Plan what you are going to do,

Do what you planned,


Say what you did.

As an introduction to the application of this mantra, consider the following. Clinical trial operations are detailed in numerous manuals and procedural documents with the protocol being the most notable. A clinical trial protocol serves as the master research plan. Great efforts will be employed, both by researchers and by external advisory boards, to ensure that the protocol is sound and is designed to support the clinical hypothesis. Conducting the protocol at clinical sites allows for the execution of the research methodology in a reproducible and orchestrated manner, and in the end, the final report or manuscript summarizes the work performed. If any one of these components is missing from the research plan, the scientific integrity of the research would be questioned or directly refuted. Associating systems validation to this well developed paradigm is at the heart of the "Plan, Do, Say" approach to validation. There are many good references available that detail the process of validation. Stokes' two books are excellent resources for investigators new to validation [2, 3]. The FDA provides additional guidance to industry by publishing guidance documents that aid in the interpretation of federal regulations. National organizations such as the Drug Information Association routinely host short sessions addressing validation. Still, for many practicing biostatisticians or other researchers, the concepts of validation may not be clearly understood. Therefore, the intent of this manuscript is to offer guidance on what is a validated computerized system to these individuals and provide a common framework that will enable effective communication.

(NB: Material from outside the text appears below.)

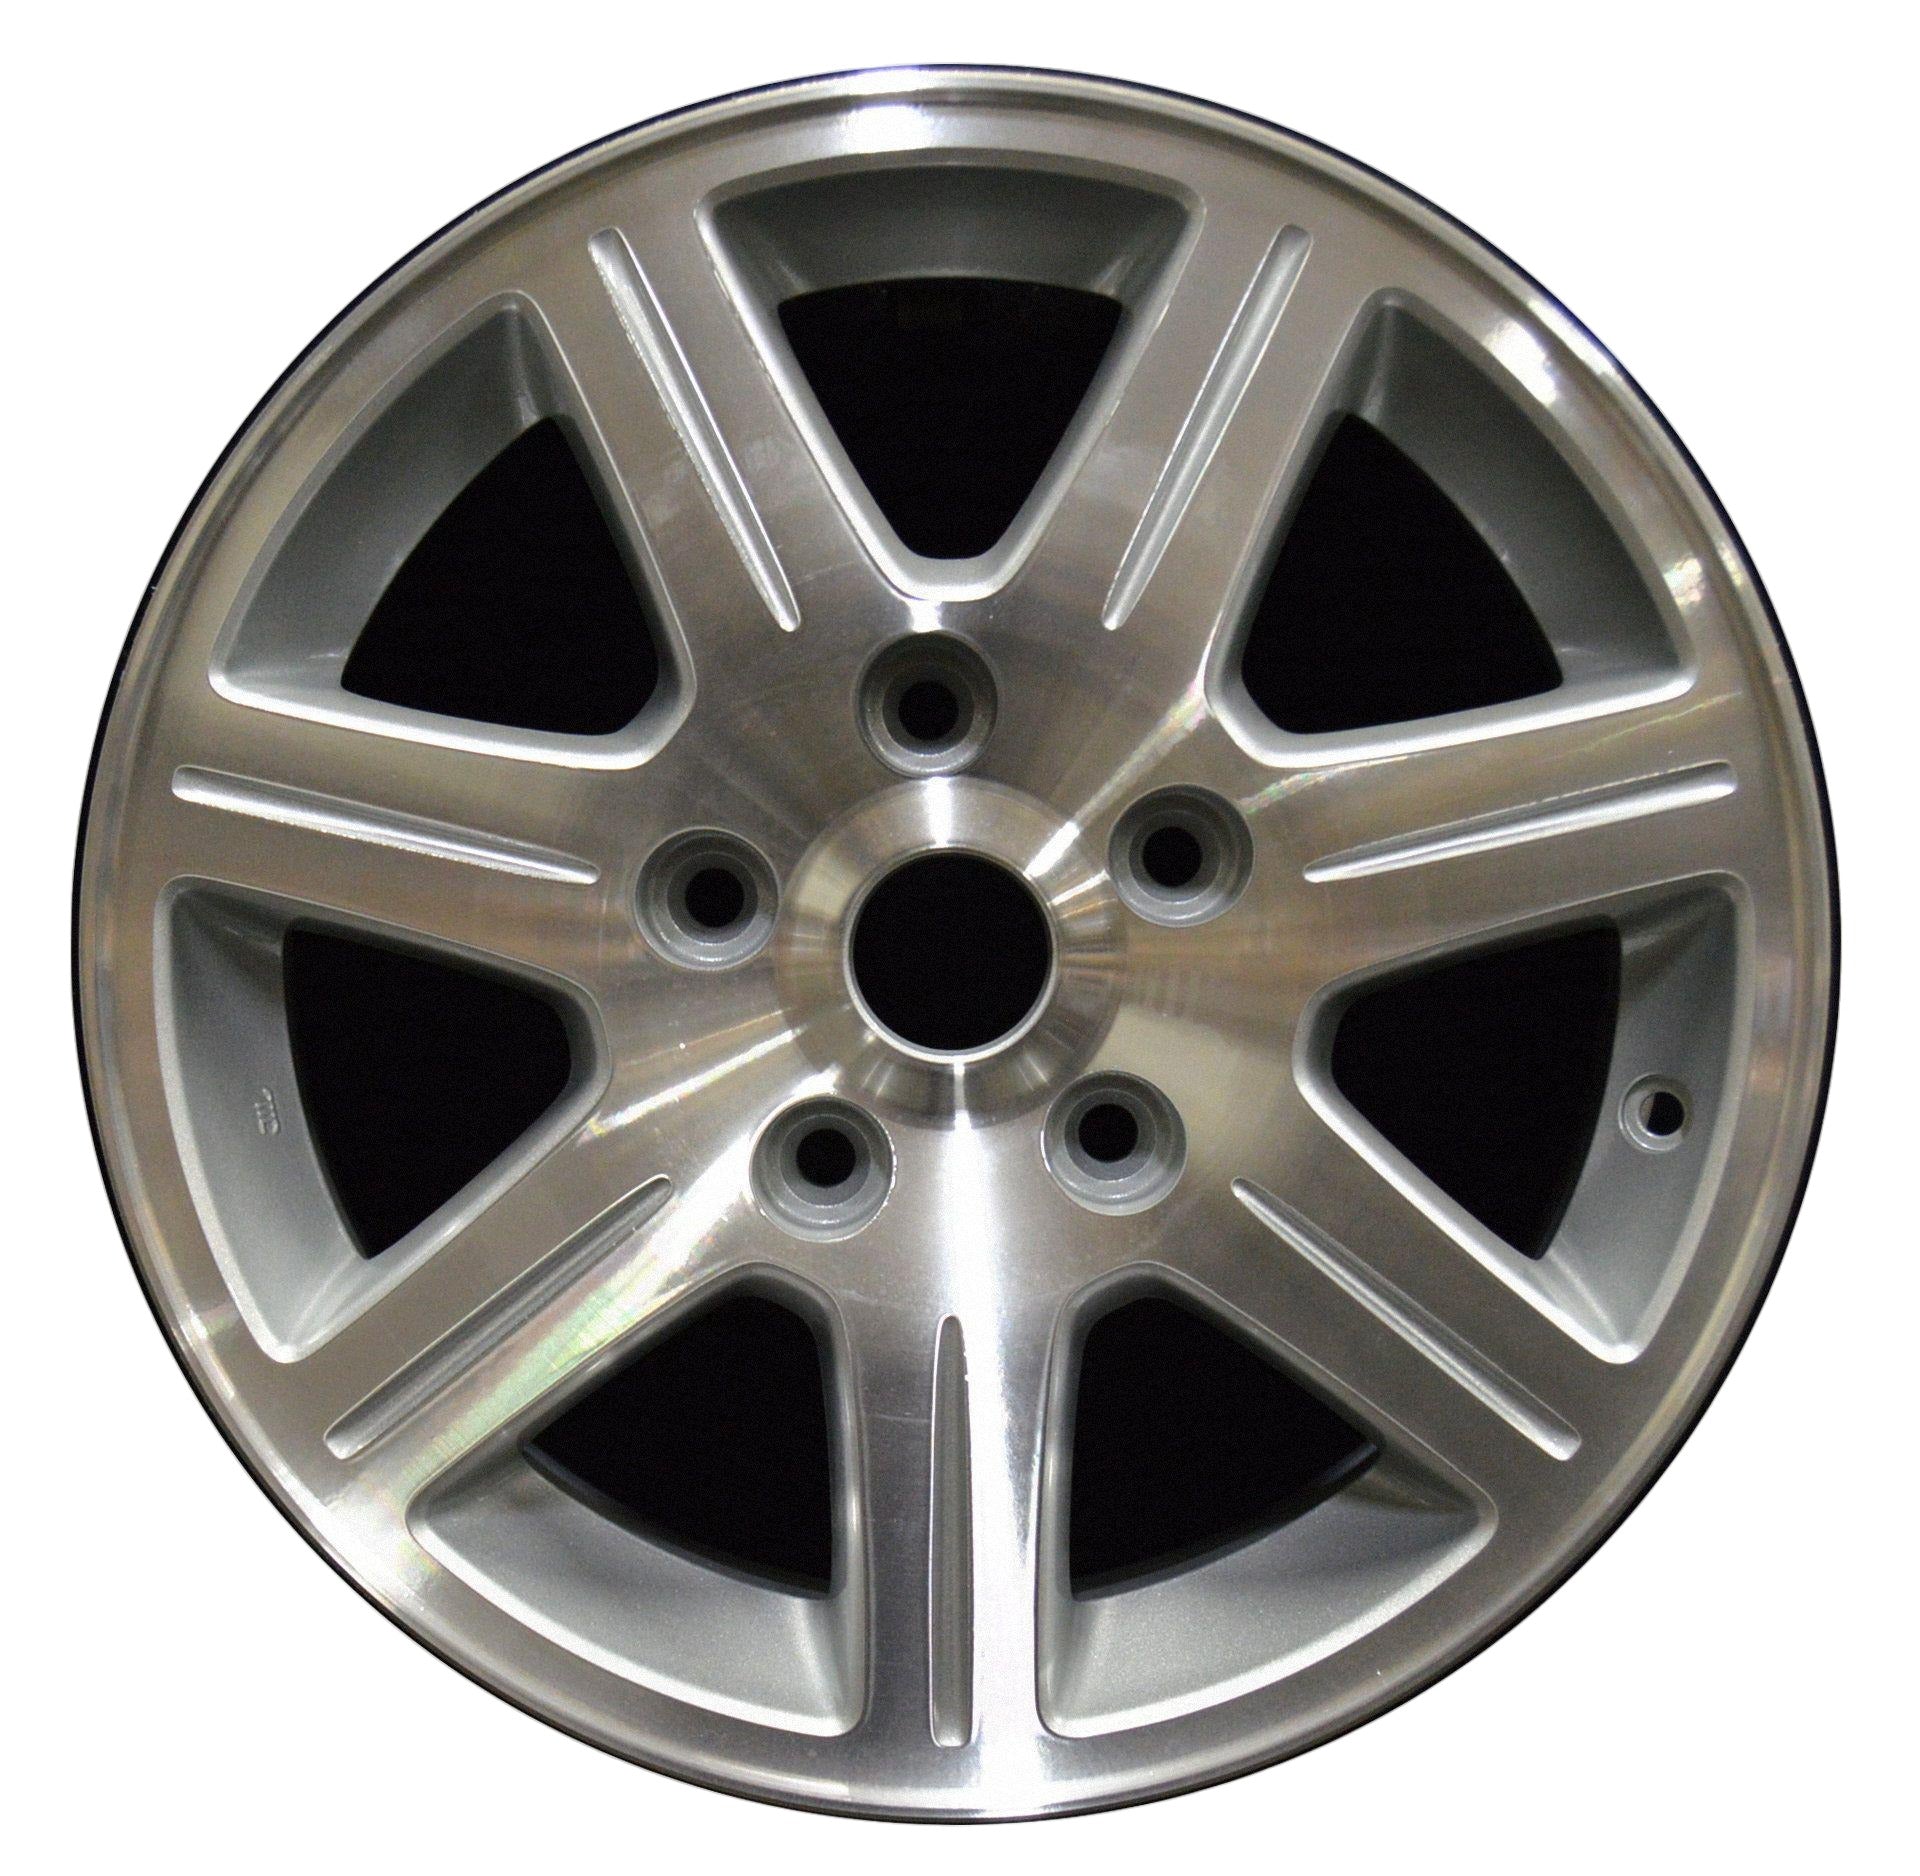 Chrysler Town & Country  2008, 2009, 2010 Factory OEM Car Wheel Size 16x6.5 Alloy WAO.2330.PS01.MA

When revisiting the FDA definition of validation in the context of the scientific method, it becomes clear that "confirmation by examination and provision of objective evidence that the computer system specifications conform to user needs and intended uses, and that all requirements can be consistently fulfilled" is essentially applying the scientific method to the life cycle of computerized systems. The definition implies that a validated system is one in which processes are specific and clearly defined, reproducible and consistently applied, and result in a measurable and observable level of quality in the delivered product. Validation of applicable systems is viewed as the best way to ensure that research objectives can be consistently met.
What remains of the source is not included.